What needs to happen now, other than deep prayers, depends on who you ask. After the loss to the Cardinals Tuesday, George said it would take not worrying about the individual performance, instead playing connected at a high level. Kingz said postgame Saturday it would take a positive mentality, keeping the past in the past and starting fresh.

Freeman looked to the defensive end, where the Orange have plummeted from the nation’s top team to the middle of the pack in the ACC. He said Syracuse must make stops, not allowing any more straight line drive shots.
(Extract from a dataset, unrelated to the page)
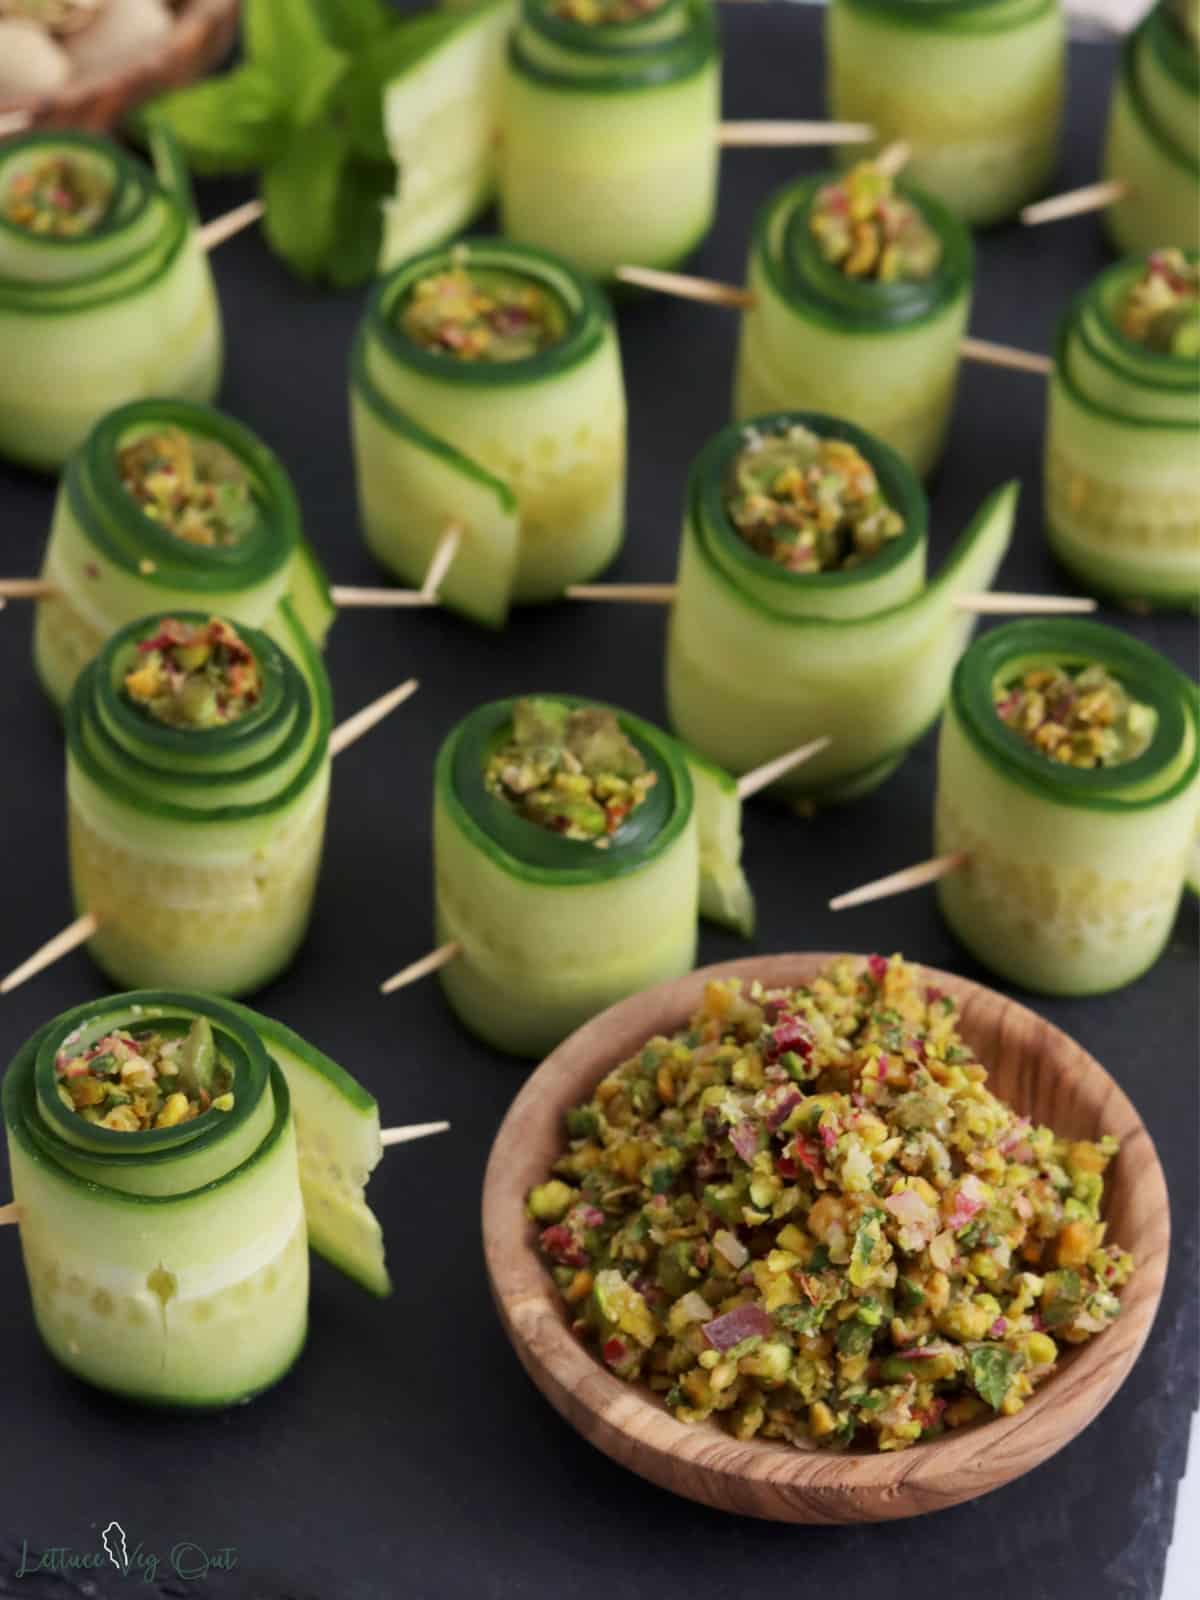 Small dish of ground pistachio filling in front of cucumber roll ups.

Zephir pointed to SU’s peak, adding the squad has the “explosiveness to blow and catch fire at any moment.”

Senior captain J.J. Starling, who dropped zero points for the first time in his Syracuse career and played four seconds across the final 16 minutes, wasn’t available to the media postgame.

Regardless of the results this season, and the last three for that matter under Autry, Kyle still sees SU as a “group of fighters.” He believes the Orange have been through a lot this year, and they won’t give up now.

Freeman took a similar sentiment to the boxing ring. He added Syracuse will continue to punch.

“We can still make something happen, so I’m not gonna throw in the towel until it’s over,” Freeman said.

However, the Orange’s 2025-26 season, and the historic pedigree that lays before the program, can only take so many uppercuts to the chin. The knockout punch is inevitable.